= 1929 in fine arts of the Soviet Union =

The year 1929 was marked by many events that left an imprint on the history of Soviet and Russian Fine Arts.

==Events==
- April 29 — The Third Exhibition of works by society «Circle of artists» («Круг художников») was opened in Russian museum in Leningrad. Exhibited 183 works of 36 authors. The participants were Alexei Pakhomov, Vecheslav Pakulin, Vladimir Malagis, Akexander Vedernikov, and other important Leningrad artists.
- May 19 — The fourth exhibition of the art association «The Four Arts» was opened in Moscow in the Moscow State University.
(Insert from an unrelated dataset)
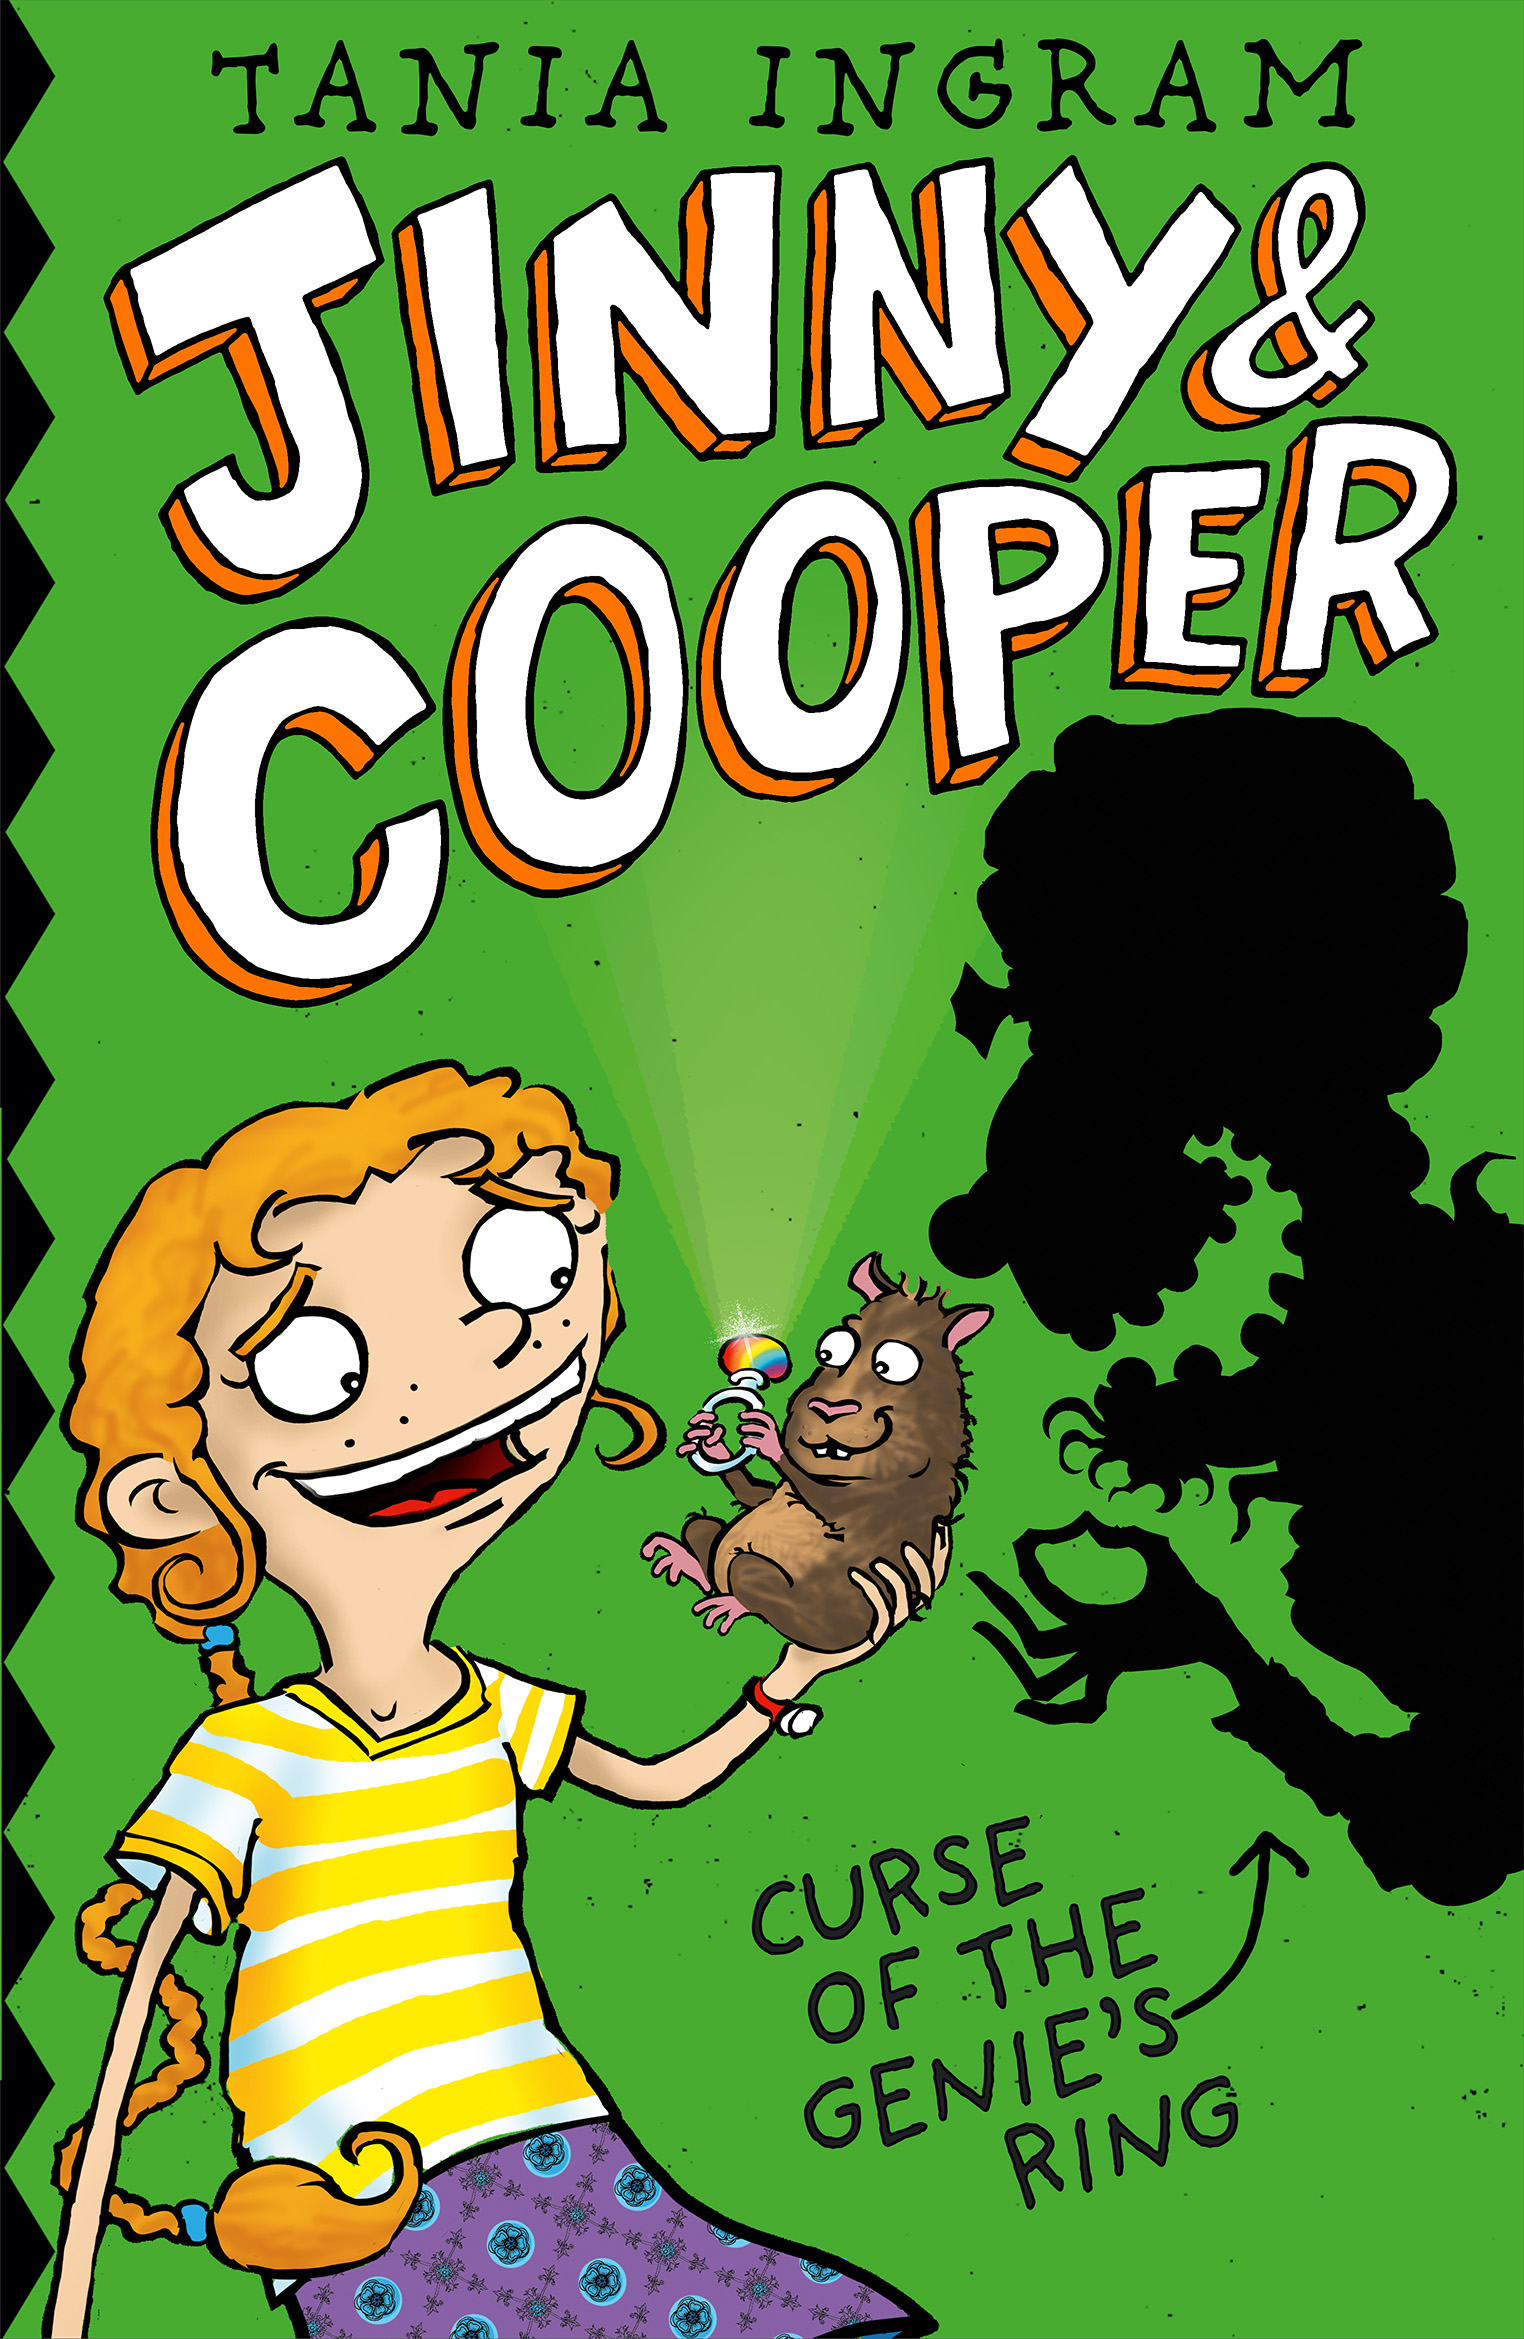 Jinny-Cooper-Curse-of-the-Genies-Ring.jpg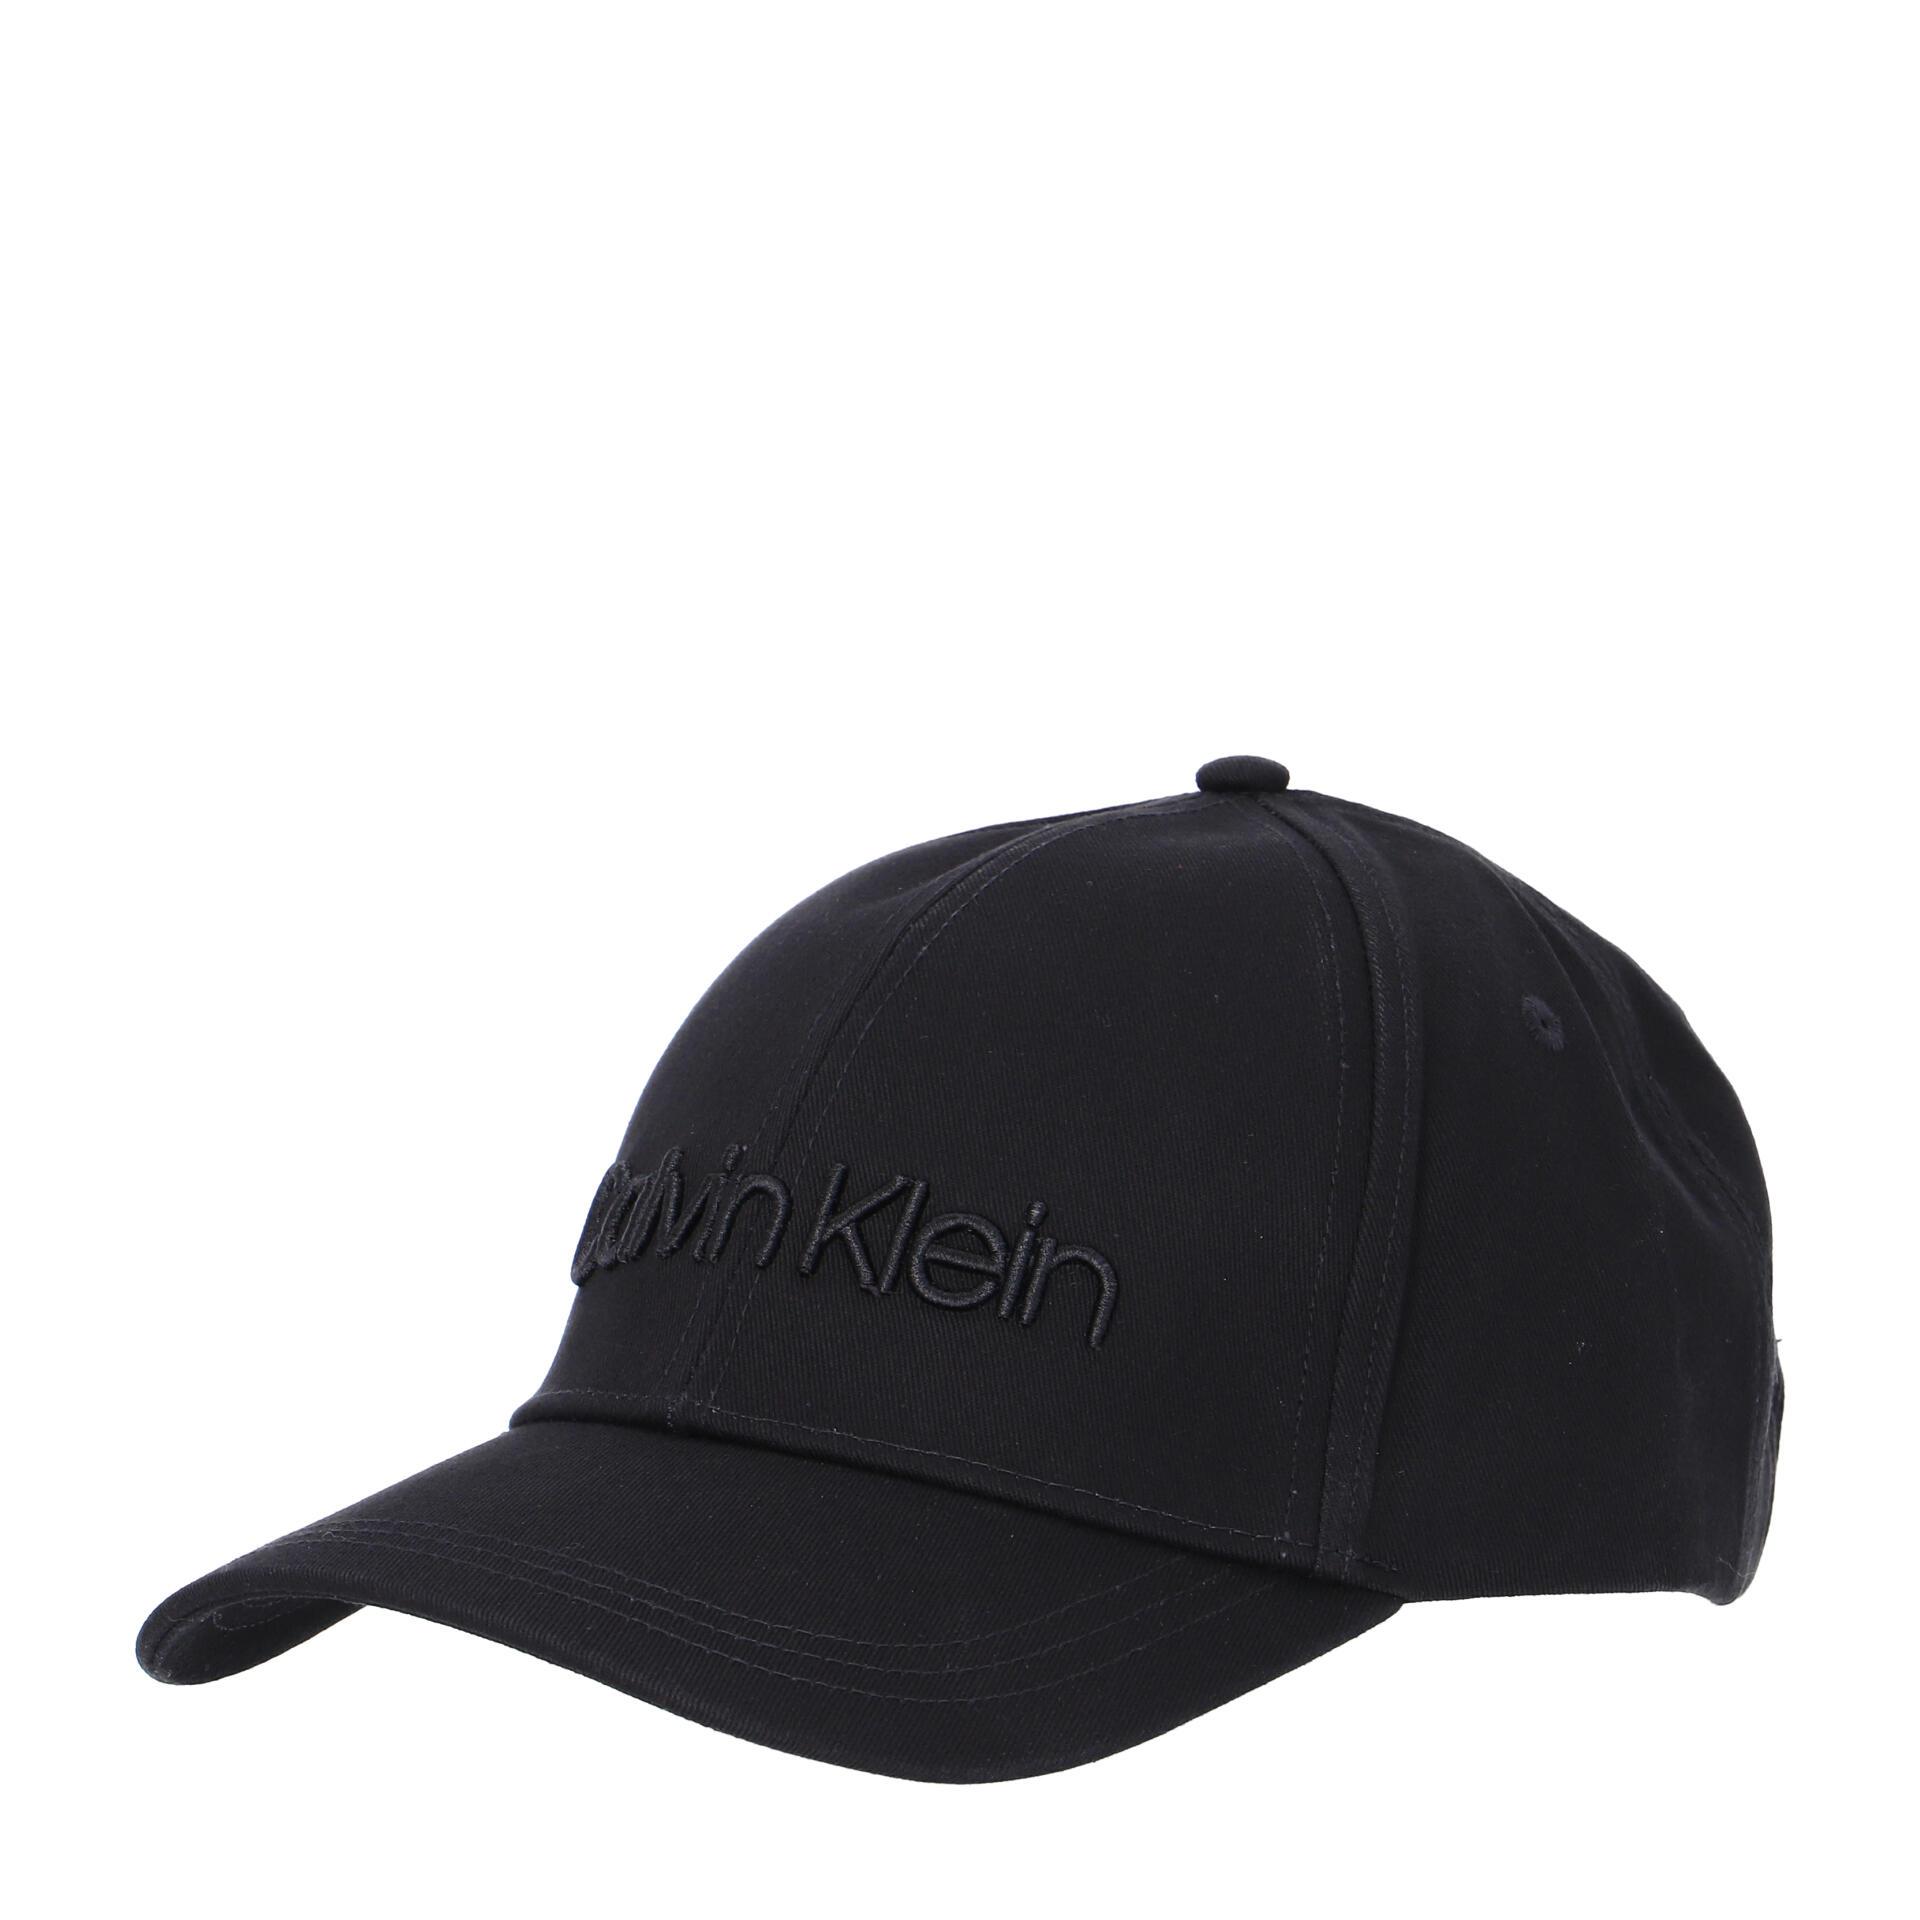 Embroidery Kappe black

The participants were Lev Bruni, Aleksei Kravchenko, Pavel Kuznetsov, Vera Mukhina, Kuzma Petrov-Vodkin, Martiros Saryan, Vladimir Favorsky and other important Russian artists.
- The VIII Exhibition of works by artists of the «Society of Arkhip Kuindzhi» was opened in Leningrad in the Academy of Arts. Exhibited 476 works of painting and sculpture of 73 authors. The participants were Mikhail Avilov, Isaak Brodsky, Alexander Lubimov, Arcady Rylov, Ivan Stepashkin, and other important Russian realist artists.
==Births==

- February 6 — Boris Maluev (Борис Яковлевич Малуев), Soviet Russian painter (d. 1987).
- February 17 — Galina Smirnova (Галина Александровна Смирнова, Soviet Russian painter (d. 2015).

== Deaths ==
- March 2 — Nikolai Kuznetsov, Ukrainian painter and art professor at the St. Petersburg Imperial Academy of Arts (b.1850).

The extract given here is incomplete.